Avatar kosmiczny_kamien
- Może - Spojrzał na czubek drzewa - O ile jesteś pewien, że nie spadniesz. Jak coś złamiesz będzie problem - Pomyślał chwilę - Ewentualnie mogę spróbować cię złapać w razie czego. Wtedy albo oboje coś złamiemy albo będzie dobrze

Avatar LittleBoy
— Więc idę — przełknął ślinę i zaczął wspinać się z duszą na ramieniu. Co jakiś czas noga lub ręką mu się ześlizgnęła, ale wspinał się dalej. Przysiadł na jednej z wyższych, grubej gałęzi i wybrał numer alarmowy. Przyłożył komórkę do ucha i nasłuchiwał.

Avatar
niemamnietu
August
- Witamy. Tutaj Pizzeria "Ciekawość". W czym mogę służyć? - odezwał się głos w słuchawce.

Avatar LittleBoy
— Dzień dobry, to znowu ja. Zamawiałem dzisiaj pizzę. Czy mogłaby pani zadzwonić na numer alarmowy? Ja i mój przyjaciel zgubiliśmy się w lesie, niedaleko szkoły. Mój GPS wskazuje, że jesteśmy na Grenlandii, nie wiem ile w tym prawdy.
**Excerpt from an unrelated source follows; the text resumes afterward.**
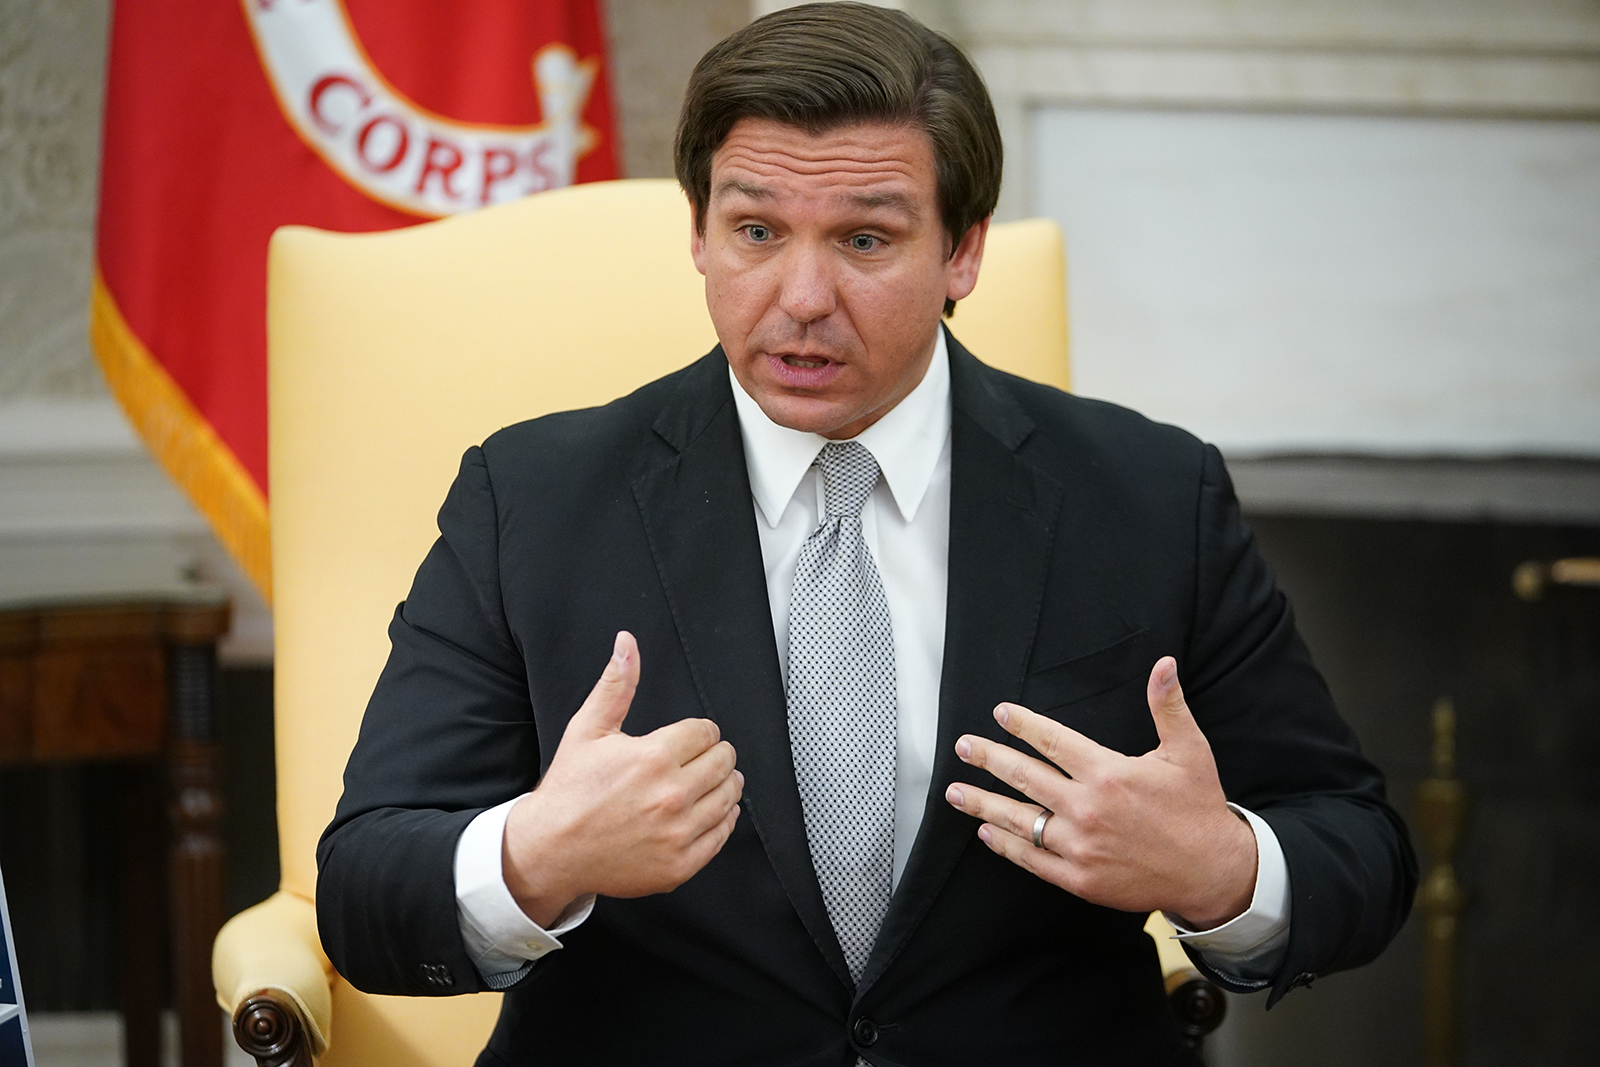 Florida Governor Ron DeSantis speaks during a meeting with President Donald Trump in the Oval Office of the White House in Washington, DC on April 28.

Proszę, potrzebujemy pomocy.

Avatar
niemamnietu
August

- Więc, pizza hawajska na grubym cieście z dodatkową porcją ananasa? - odpowiedziała kobieta po drugiej stronie.

Avatar LittleBoy
— Bardzo chętnie, ale potrzebujemy pomocy, a nie środków do przetrwania. Chcemy stąd się wydostać. Proszę zadzwonić pod 112 — powtórzył spokojnie August przysuwając się bliżej pnia drzewa.

Avatar
niemamnietu
August

- Dobrze, już zapisuję. Pod jaki adres?

Tayomi

Zauważasz kolejną dziwną rzecz. W oddali jest jakiś czerwony, płonący punkt.